Minor improvements and bug fixes

  • str_order() and str_sort() gain explicit numeric argument for sorting
    mixed numbers and strings.
  • str_replace_all() now throws an error if replacement is not a character
    vector. If replacement is NA_character_ it replaces the complete string
    with replaces with NA (#124).
  • All functions that take a locale (e.g. str_to_lower() and str_sort())
    default to "en" (English) to ensure that the default is consistent across
    platforms.

stringr 1.1.0

19 Aug 22:11
Compare
Choose a tag to compare
  • Add sample datasets: fruit, words and sentences.
  • fixed(), regex(), and coll() now throw an error if you use them with
    anything other than a plain string (#60). I've clarified that the replacement
    for perl() is regex() not regexp() (#61). boundary() has improved
    defaults when splitting on non-word boundaries (#58, @lmullen).
  • str_detect() now can detect boundaries (by checking for a str_count() > 0)
    (#120). str_subset() works similarly.
  • str_extract() and str_extract_all() now work with boundary(). This is
    particularly useful if you want to extract logical constructs like words
    or sentences. str_extract_all() respects the simplify argument
    when used with fixed() matches.
  • str_subset() now respects custom options for fixed() patterns
    (#79, @gagolews).
  • str_replace() and str_replace_all() now behave correctly when a
    replacement string contains $s, \\\\1, etc. (#83, #99).
  • str_split() gains a simplify argument to match str_extract_all()
    etc.
  • str_view() and str_view_all() create HTML widgets that display regular
    expression matches (#96).
  • word() returns NA for indexes greater than number of words (#112).

stringr 1.0.0

30 Apr 13:17
Compare
Choose a tag to compare
  • stringr is now powered by stringi instead of base R regular expressions. This improves unicode and support, and makes most operations considerably faster. If you find stringr inadequate for your string processing needs, I highly recommend looking at stringi in more detail.

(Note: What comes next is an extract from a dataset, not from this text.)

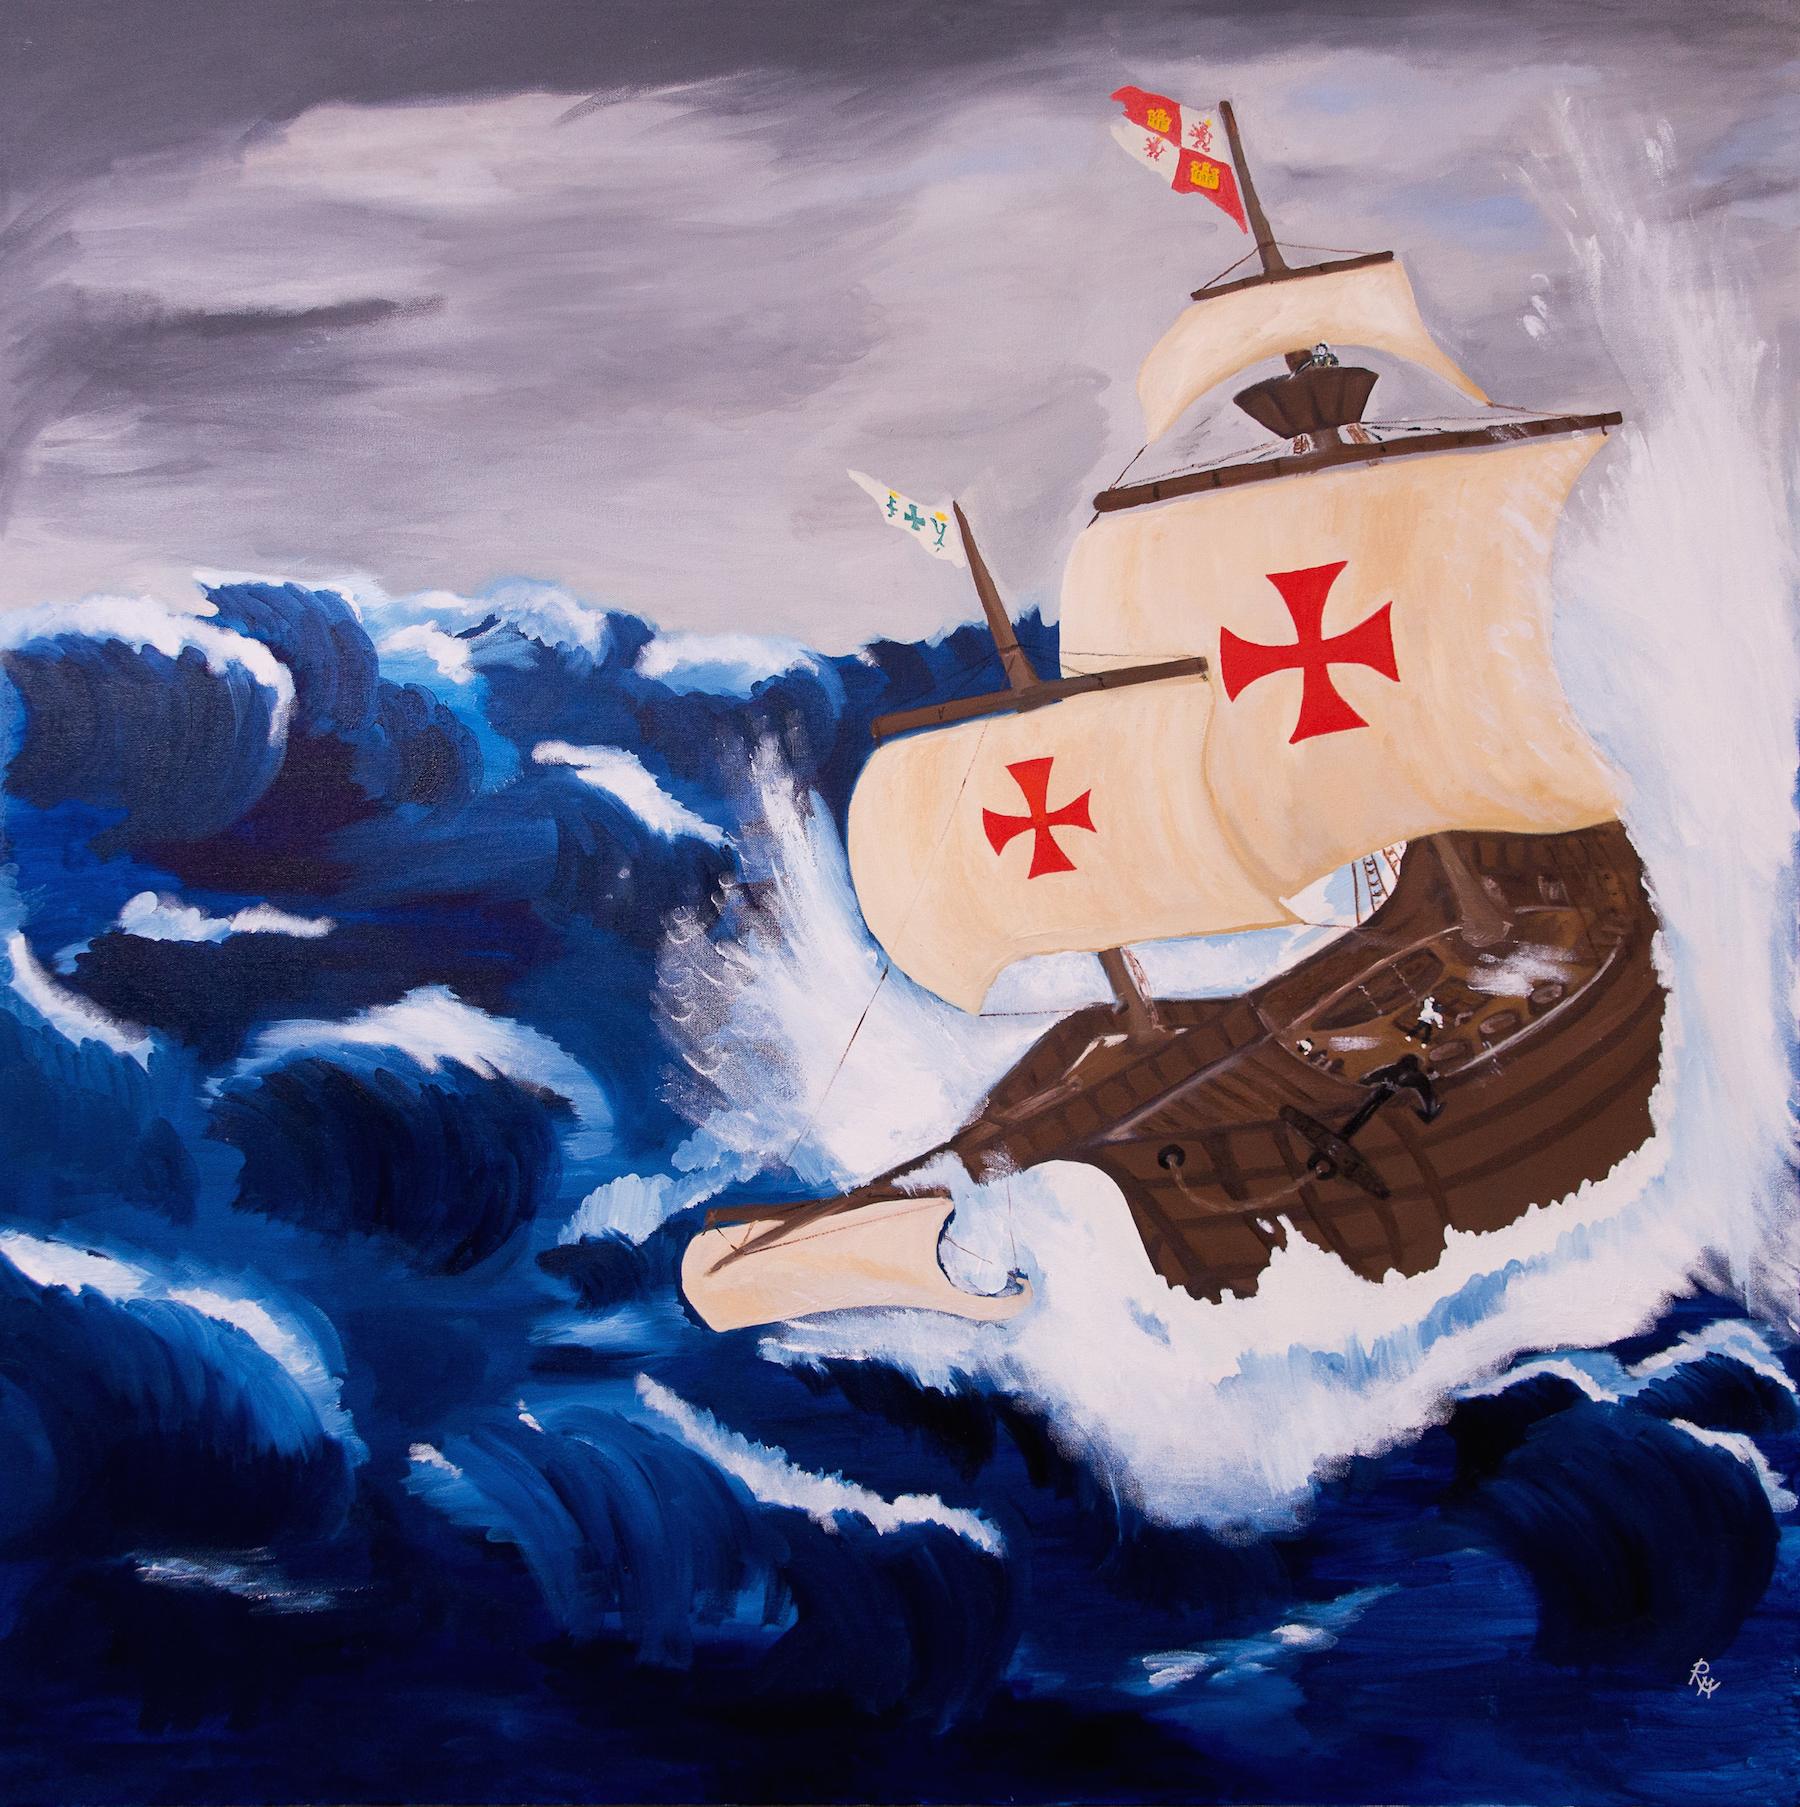 La Santa-Maria in a storm

  • stringr gains a vignette, currently a straight forward update of the article that appeared in the R Journal.

  • str_c() now returns a zero length vector if any of its inputs are zero length vectors. This is consistent with all other functions, and standard R recycling rules. Similarly, using str_c("x", NA) now yields NA. If you want "xNA", use str_replace_na() on the inputs.

  • str_replace_all() gains a convenient syntax for applying multiple pairs of pattern and replacement to the same vector:

    input <- c("abc", "def")
    str_replace_all(input, c("[ad]" = "!", "[cf]" = "?"))
  • str_match() now returns NA if an optional group doesn't match (previously it returned ""). This is more consistent with str_extract() and other match failures.

  • New str_subset() keeps values that match a pattern. It's a convenient wrapper for x[str_detect(x)] (#21, @jiho).

  • New str_order() and str_sort() allow you to sort and order strings in a specified locale.

  • New str_conv() to convert strings from specified encoding to UTF-8.

  • New modifier boundary() allows you to count, locate and split by character, word, line and sentence boundaries.

  • The documentation got a lot of love, and very similar functions (e.g. first and all variants) are now documented together. This should hopefully make it easier to locate the function you need.

  • ignore.case(x) has been deprecated in favour of fixed|regexp|coll(x, ignore.case = TRUE), perl(x) has been deprecated in favour of regexp(x).

  • str_join() is deprecated, please use str_c() instead.